Following the success of pig organ transplants, scientists decided to specifically raise pigs to serve as human heart donors.
German biotechnologists are going to grow genetically modified pigs, which will serve as heart donors for humans. The first generation of animals will be born this year, and by 2025 the organs of such pigs are planned to be used in clinical trials.
The idea gave rise to a heated discussion in society: supporters consider it salvation for terminally ill people, and opponents accuse it of being unethical towards animals.

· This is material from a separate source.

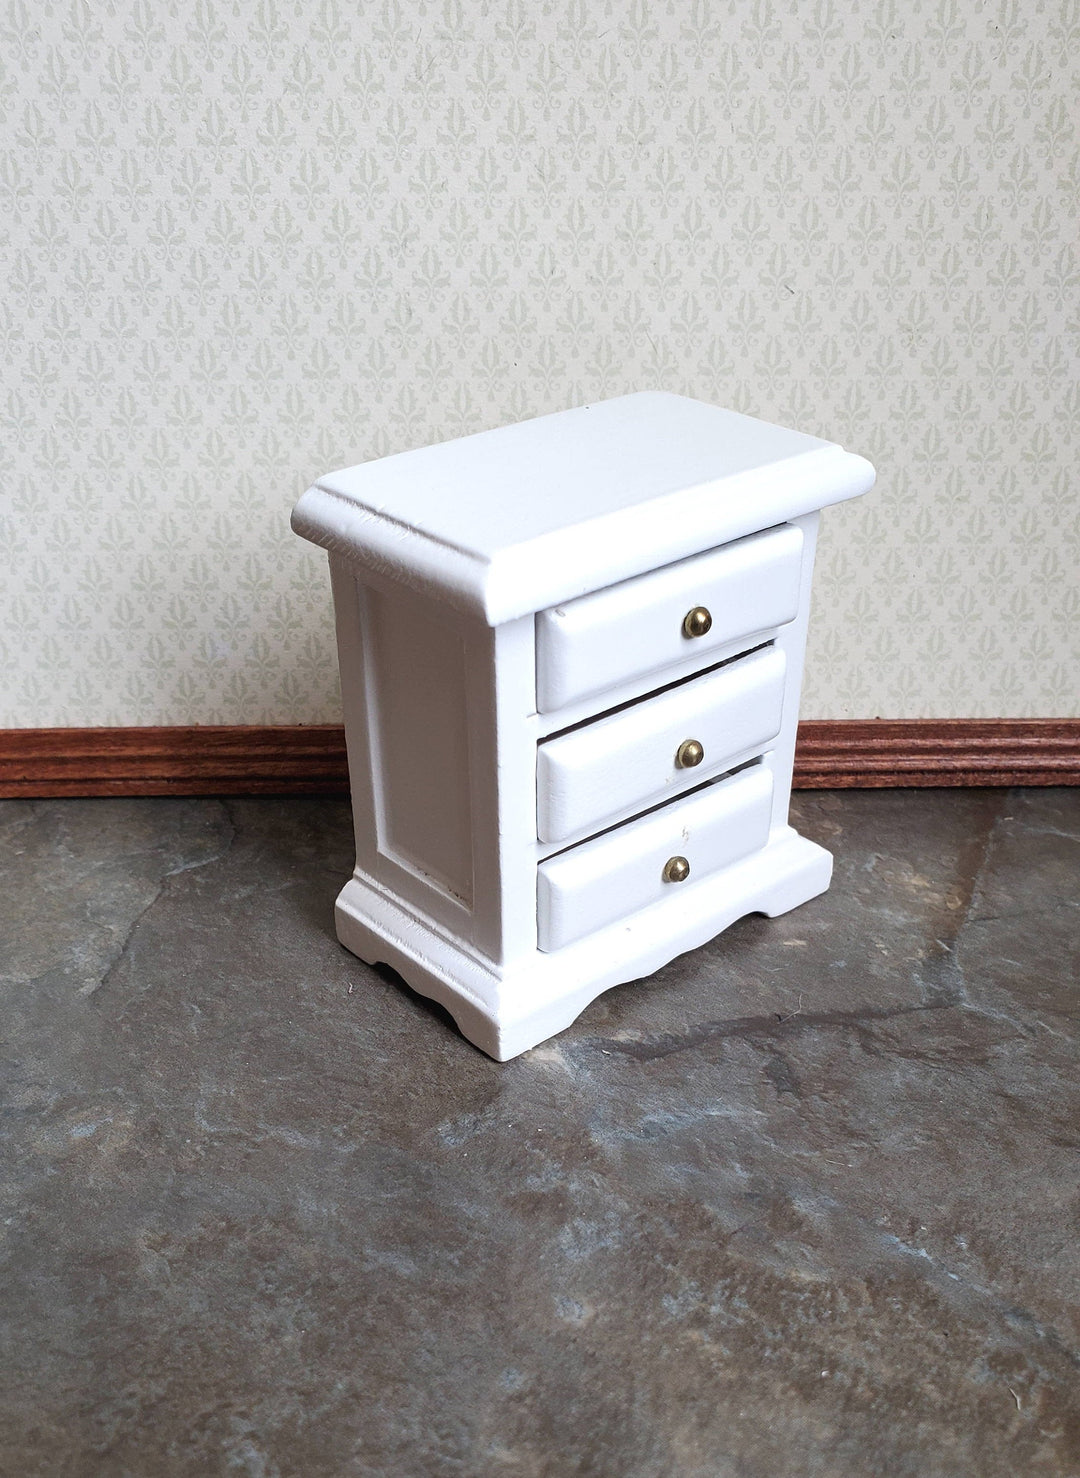 Dollhouse Miniature Nightstand Side Table White 3 Drawers 1:12 Scale Furniture

Human-pig transplants: What do we know?
The last six months have been rich in innovative operations for transplanting animal organs to humans. First, doctors in New York connected a pig kidney to a woman who had previously been diagnosed with brain death.
For three days, the researchers found no signs of rejection or damage to the kidney – the organ functioned and even reduced the woman’s blood levels of creatinine, which she had increased due to kidney failure.
The second porcine kidney transplant to a brain-dead patient was performed by surgeons at the University of Alabama. This time, the doctors connected two kidneys to the patient and also did not notice any signs of rejection of the organ, which immediately after the transplant began to filter urine.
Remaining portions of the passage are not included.